3. Factors Influencing the Receptive Field
- Kernel size: Larger \(k\) leads to faster receptive field growth.
- Stride: Larger stride leads to faster receptive field expansion (because \(J\) accumulates more).
- Dilated Convolution: By expanding the effective range of the kernel (e.g., dilation rate \(d\)), the actual receptive field becomes \(k' = k + (k-1)(d-1)\).
- Network depth: More layers typically result in a larger receptive field.
4. Considerations in Practical Applications
- Matching receptive field with object size: If the receptive field is much smaller than the target object, the network struggles to understand the global context; if it is much larger, it may include too much irrelevant background.
- Effective receptive field: Studies show that the influence of a feature point on the input image follows a Gaussian distribution, with peripheral regions contributing less; the actual effective receptive field is smaller than the theoretical value.
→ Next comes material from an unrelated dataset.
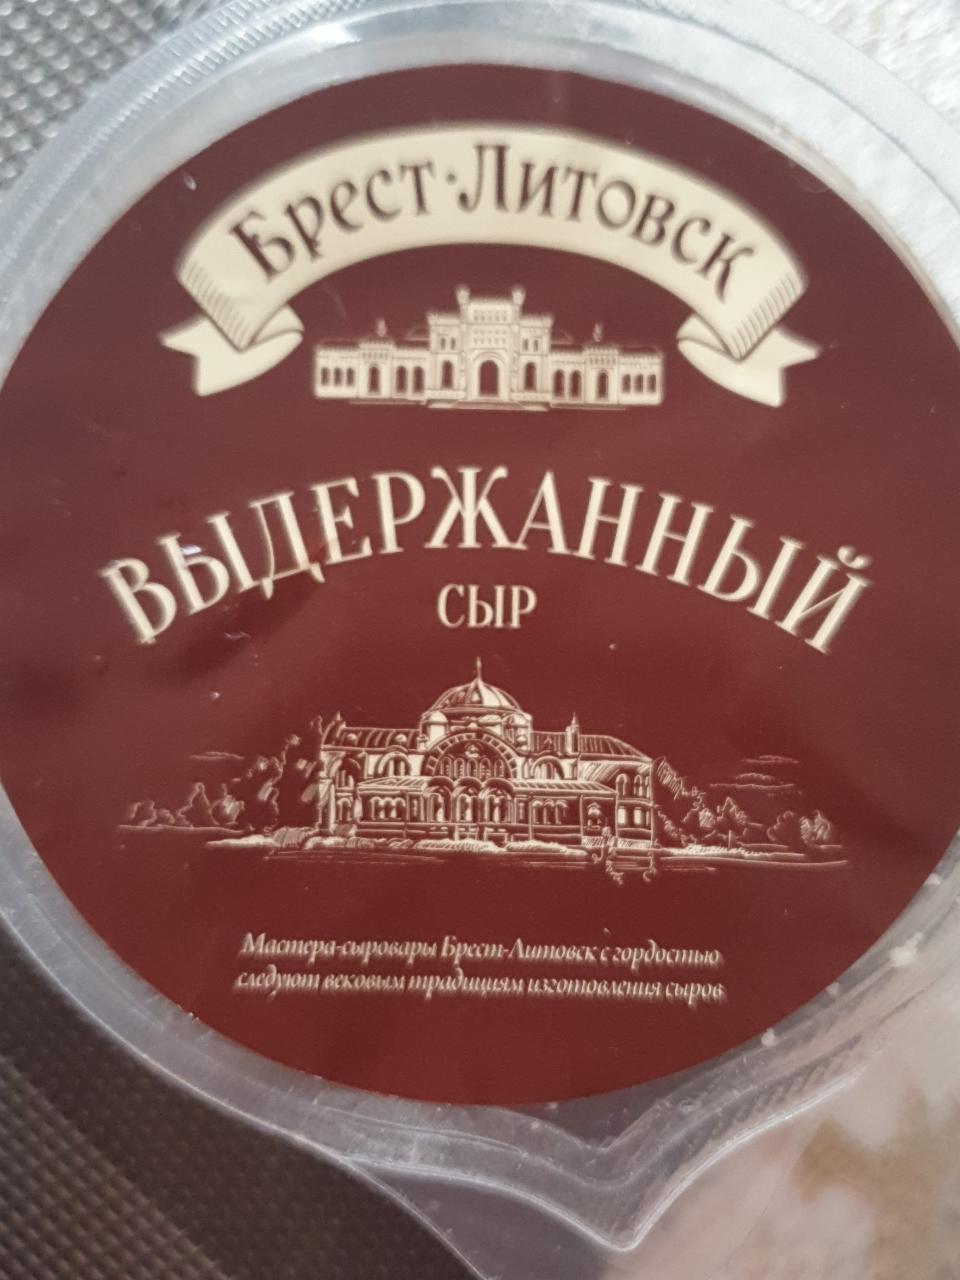 Фото - Сыр твёрдый выдержанный 45% экстра Брест-Литовск

- Design of modern networks: Architectures like Inception and ResNet replace large kernels with stacks of small kernels, maintaining the receptive field while reducing computational cost.
5. Summary
The receptive field is a key metric for assessing the feature extraction scope of a network, and it can be controllably adjusted through the combination of kernel size, stride, and depth. Understanding the receptive field aids in designing more reasonable network architectures and avoiding mismatches between feature scales and task requirements.